No need to run away or to dig in; you are free to doubt your doubt

My friend told me the other day that there were “doubt wars” happening on Twitter. (Welcome to 2018, where war is waged on Twitter.) I’m not sure it was much of a war, but as far as I can tell the quibble began when a popular conservative Calvinist blog posted about why doubt was “slander against the Almighty.”

Rachel Held Evans, a heavyweight on the other side of Evangelicalism, launched her attack back (many of my friends liked this Tweet, and Twitter alerted me to those events).

I guess that might constitute a war, with now two sides of the Evangelical spectrum fighting each other. It’s funny how focused Evangelicals can become on their own problems, while simultaneously divorcing themselves from the problems of the other side. Evangelicals can remove themselves from their reprehensible enemies on the other side of aisle and never have to be responsible for Christian hypocrisy as they see it.

Image result for doubt paintingI admit that “doubt” is not a big part of my faith. But I also admit certainty is not either. My God isn’t in my stomach, but God also isn’t in my mind either. My mental assent to truth is less important than how I am and what I do. Action and identity matter more to me than my thoughts. So doubt doesn’t come into play much with me. I am free to doubt and free to doubt my doubts. I don’t feel beholden to doctrine as if good theology is what saves me. But I do feel indebted to Christ, who has made a claim on me, one that I can’t genuinely remove from myself. The damage is done. Christ has shaped me in ways that mere doubt couldn’t threaten. But the way he’s shaped me wasn’t rooted in certainty either. So I find myself not on either side of the aforementioned “sides.”

I appreciate Rachel Held Evans’s response to John Piper’s blog network, since the author of the original post (Greg Morse) was like a bull in a China shop. I like her instinct to protect the weak and the vulnerable. It strikes me as odd that Greg was so aggressive against those who doubt. He already names them as weak, or at least with weak faith, and he comes out swinging with words like “dishonor, “slander,” etc.

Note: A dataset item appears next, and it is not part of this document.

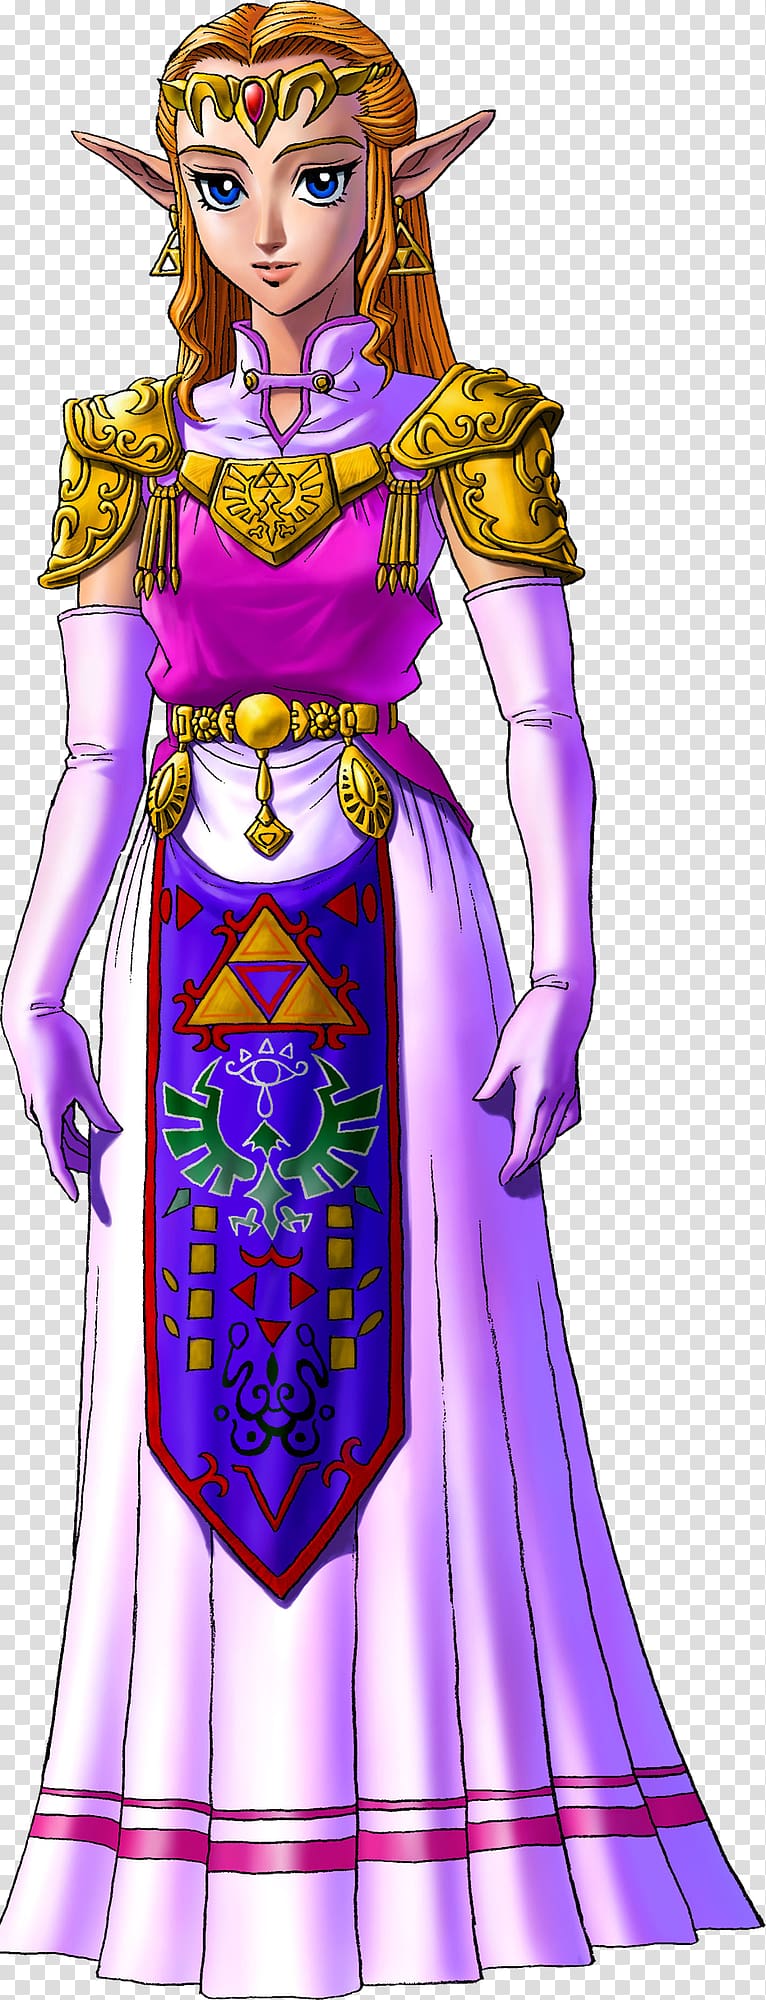 The Legend of Zelda: Ocarina of Time 3D The Legend of Zelda: Majora\'s Mask Princess Zelda Link, ganon ocarina of time transparent background PNG clipart

The original post is so riddled with unnecessary judgment that it’s hard to even find the few truths the author states. Strong faith is important for every community, but I think it’s a gift rather than a discipline. The juxtaposition of strong meaning “good” or “true” and weak meaning “bad” and “false” is not found in the Bible. Seems to me the Bible condemns those who boast in their strength, as opposed to their weakness.

I get the feeling that Greg’s writing because some people have called doubt a virtue or something to be embraced, but that kind of response is more likely to solidify the opinions that it’s good. I would caution against making holy your doubt. However, I think people have double-downed on their doubt because they were condemned for it.

But I won’t do that. You are free to doubt in Circle of Hope. It’s OK to ask questions. You are free to doubt us if our Gospel isn’t authentic, or free to doubt Hellenistic theology formulated in the Patristic Period that is too influential today, or just to doubt what truths were given to you at your parent’s church or in your upbringing in general. You are free to doubt because Evangelicals are so hypocritical. You are free to doubt your own capacity and your own power and even your own confidence. Jesus saves you, not how capacious you are. We are doing something bigger together. There are people among us who doubt less, who have faith as a gift. You don’t have to do it alone. And you don’t have to have it all figured out.

Rachel Held Evans points out plainly that the Bible has a lot of instances when its characters doubt, and maybe even Jesus. I think that her point, or at least my point, is that doubt is a normal part of life. It’ll come and go. You are free to doubt your doubt too. Again, your certainty doesn’t save you and your doubt doesn’t condemn you.